Mengingat kembali pertanyaan saya tujuh tahun yang lalu tentang peran perempuan di muka bumi ini. Sebuah peran yang disebut-sebut sangat spesial dan dilindungi, tapi juga dibatasi dengan sejuta aturan dan larangan. tidak seperti laki-laki yang lebih terkesan bebas tanpa banyak aturan dalam beribadah atau bermuamalah. Dan selalu pertanyaan itu muncul, mengapa harus perempuan? mengapa perlakuannya berbeda? mengapa tak disamakan saja?
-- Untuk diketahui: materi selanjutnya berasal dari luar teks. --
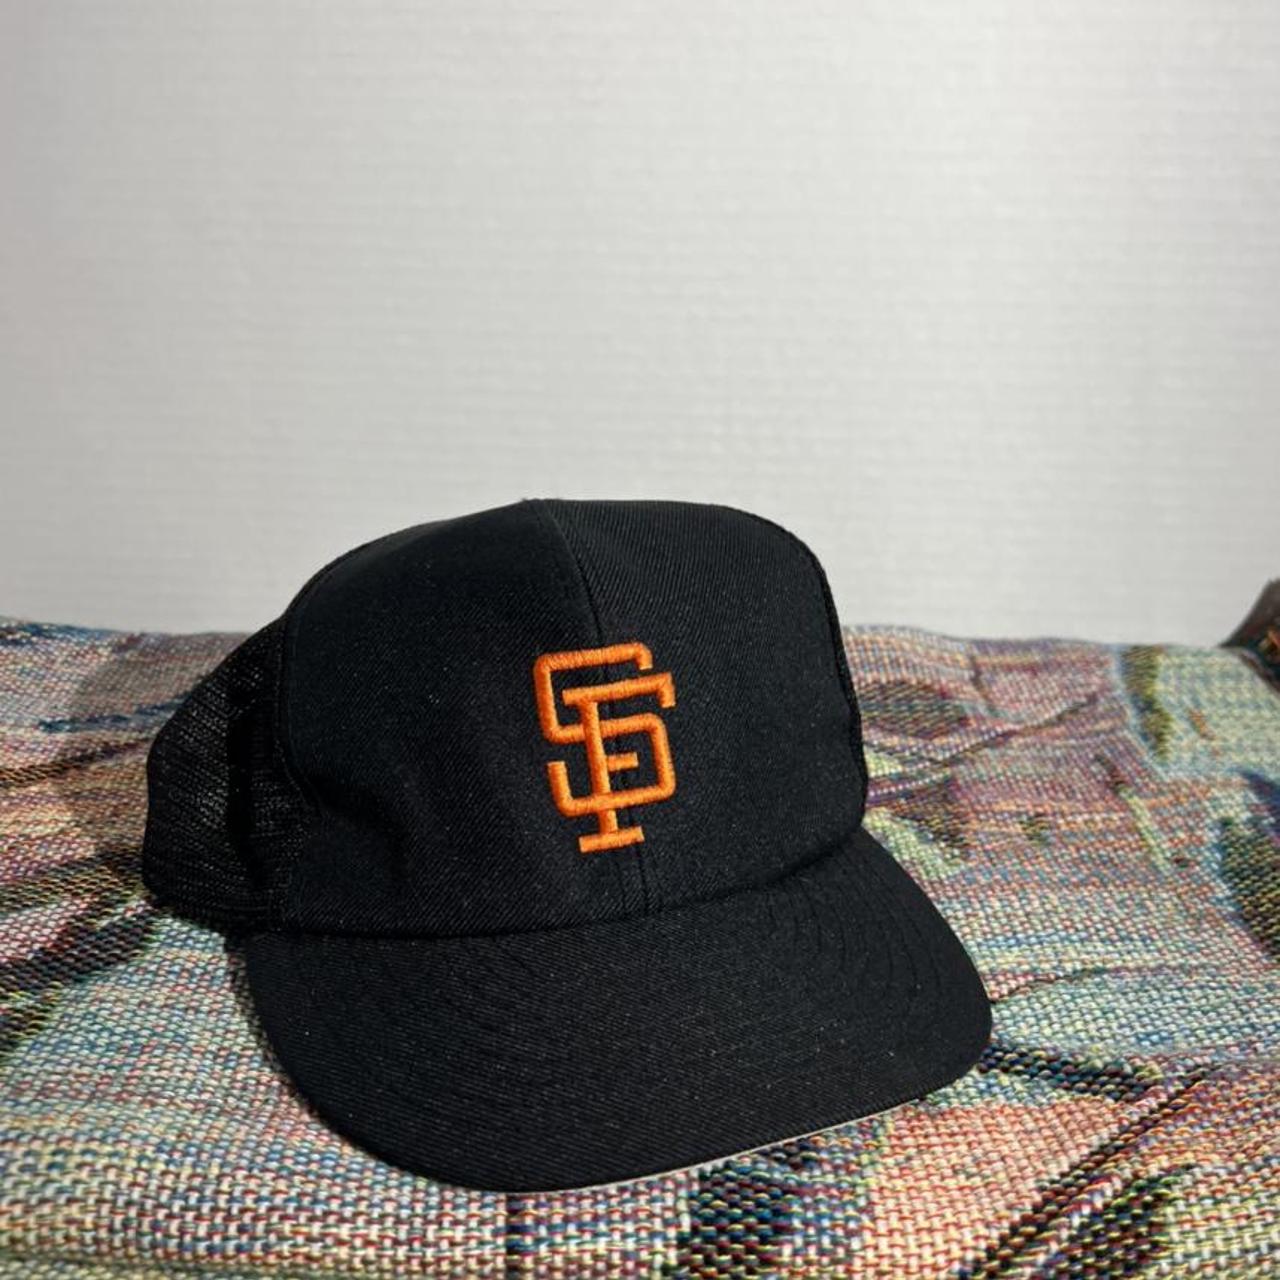 🦋90s San Fran Giants hat🧡in perfect condition, no

Tapi saya bersyukur karena Allah menganugerahkan pertanyaan-pertanyaan "nakal" itu, bukan bermaksud meragukan kebenaran perintah Allah, saya hanya berusaha untuk mencari jawaban agar saya dapat menjalankan perintahNya dengan mantap dan bukan sekedar ikut-ikutan. Dan benar saja, saya mencari dan terus mencari jawabannya, sampai pada satu fase dalam hidup saya yaitu fase menjadi ibu. Fase dimana saya tidak hanya mengisi kehidupan dengan "aku, pendidikan dan karir" saja, tapi juga tentang "keluarga, suami dan anak". Allah mempertemukan saya dengan suami pasti ada alasannya, laki-laki dan perempuan, pasti ada peran yang harusnya saling melengkapi. Seperti halnya sebuah puzzle, kepingannya berbeda bentuk, tapi akhirnya mereka saling melengkapi menjadi kesatuan yang sempurna. Begitu pula laki-laki dan perempuan, mau dilihat dari sisi manapun mereka tetap berbeda, dan jelas fungsi dan perannya berbeda, tapi hadirnya tentu saja untuk menjadikan keluarga menjadi sempurna.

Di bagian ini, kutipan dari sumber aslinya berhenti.